My hens are my heroes. They spend all day ‘sorting out’ our garden, warding off any unwanted predators by clucking in a panicky fashion and making themselves taller and even then they manage to produce eggs every day. Many have warned me that this is not going to last. Apparently they will take a break. Good. I am running out of recipes for eggs. However for the moment they deserve every piece of grain and every meal worm that they get.
I bought three kilos of apples to make apple sauce for a recent hog roast party just to be assured that it was all in hand and I needn’t have bothered. So I had big plans with the apples. Crumble, traybake, jams – it was all going to happen. Of course it didn’t. And the pretty crunchy apples turned a bit softer and wrinklier that desired. So I turned to my feathery heroes for help. And created a kebab for them.
It took them a couple of days to consume it but they did it. That reminds me, I have to go out and take the skewer back before one of them (probably White) impales herself on the blunt end.

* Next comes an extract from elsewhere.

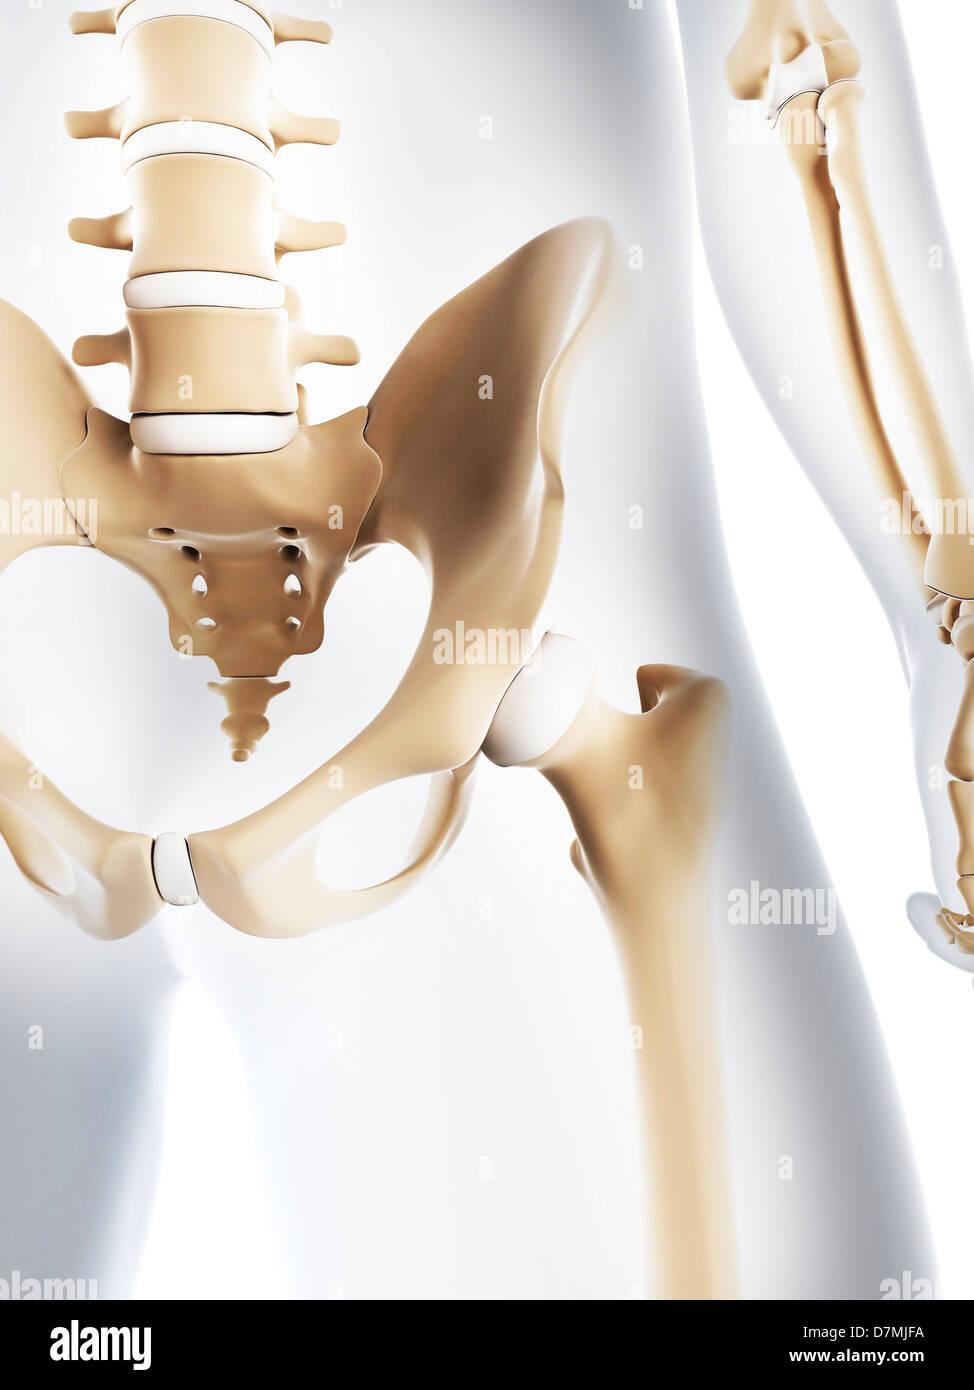 Male Pelvis Bones Artwork Stock Photo 56387278 Alamy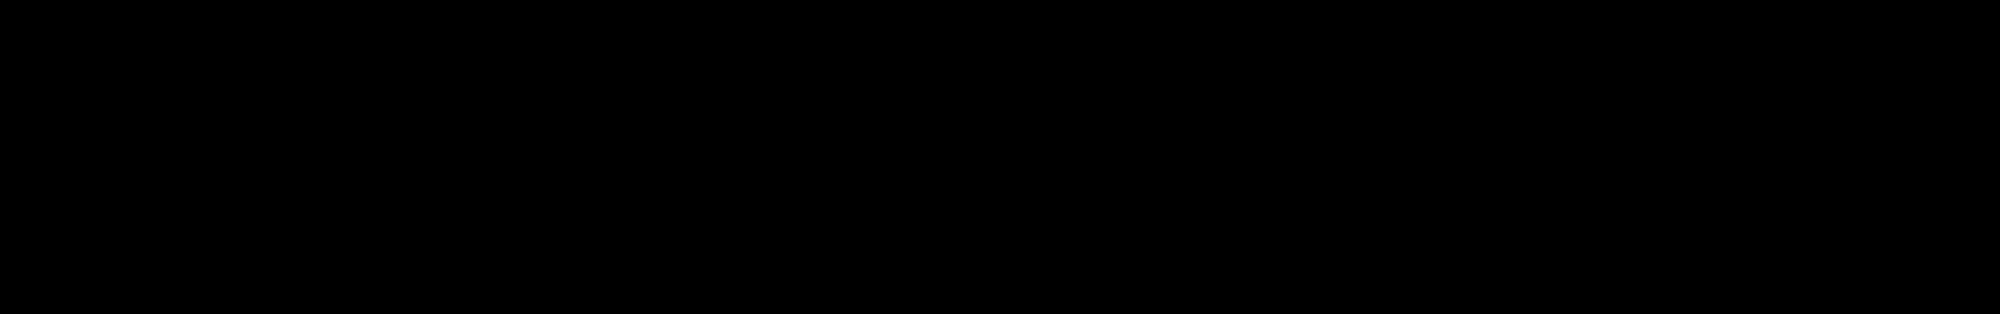 REVOLVING ON THE ROAD-logo-black.png

At the same time as creating my poultry master chef entry, my phone blinked and buzzed and I received a message from my ‘Ugandan son’. He is in his third year of university and far from being an unknown sponsored boy, he is very well known to us (we visit him and other friends every year) and calls us Mum and Dad (and the honorable Freddie!).

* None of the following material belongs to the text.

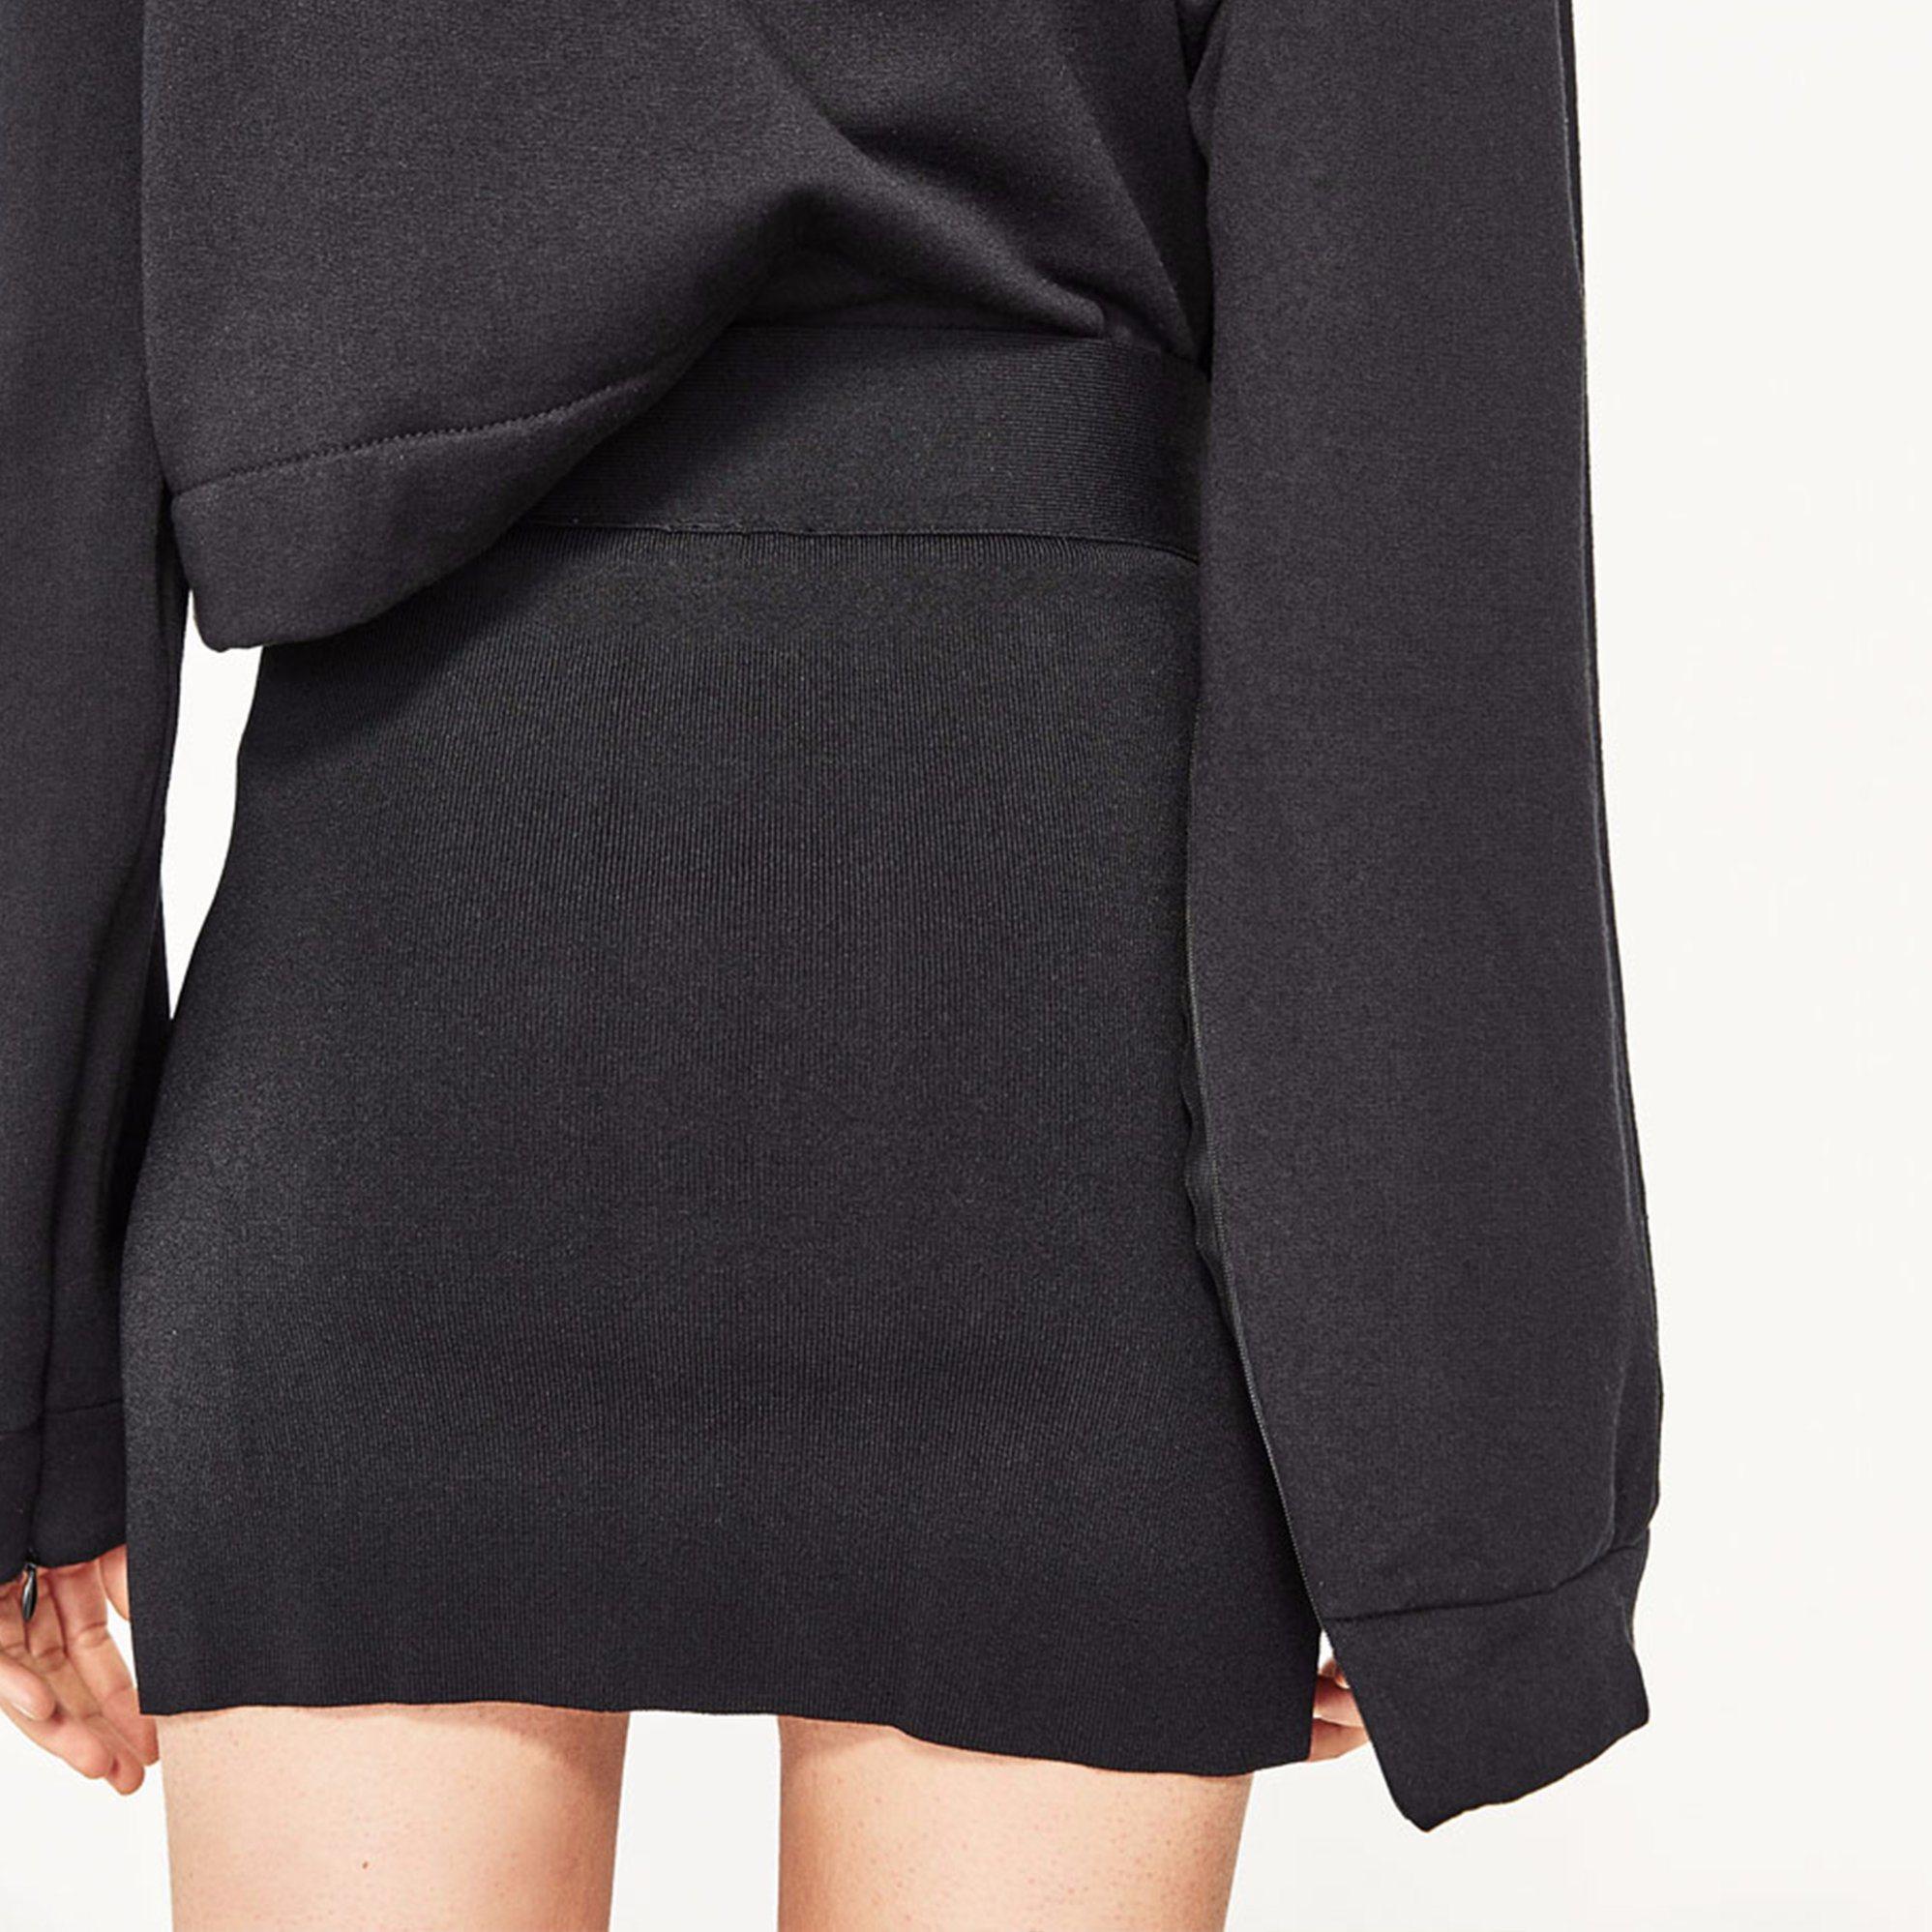 Ladies Fashion Chiffon Preppy Style Bandage Mini Short Skirt

Isaac and I have a passion in common – books and more books. I can read anything from the phone book to classics and and seems that he can do exactly the same. The first one I got him was John Steinbeck’s East of Eden and I was chuffed that he liked it. Considering that it took me until my thirties to acquire taste for school recommended literature, Isaac is miles ahead of me. I love that we can meet up or just message on facebook and discuss books that will stay with him for the rest of his life.
We are going to see him again this autumn and so in preparation for our visit he has texted me the books he wants me to bring him (the very few bookshops in Uganda and extortionately expensive and an orphan without job simply cannot afford the books). As I said to him – literature is one thing that I like spending money on.
My order arrived today – One hundred years of solitude, Oxford school dictionary and The odyssey.
Is the chicken with the apples called Donna?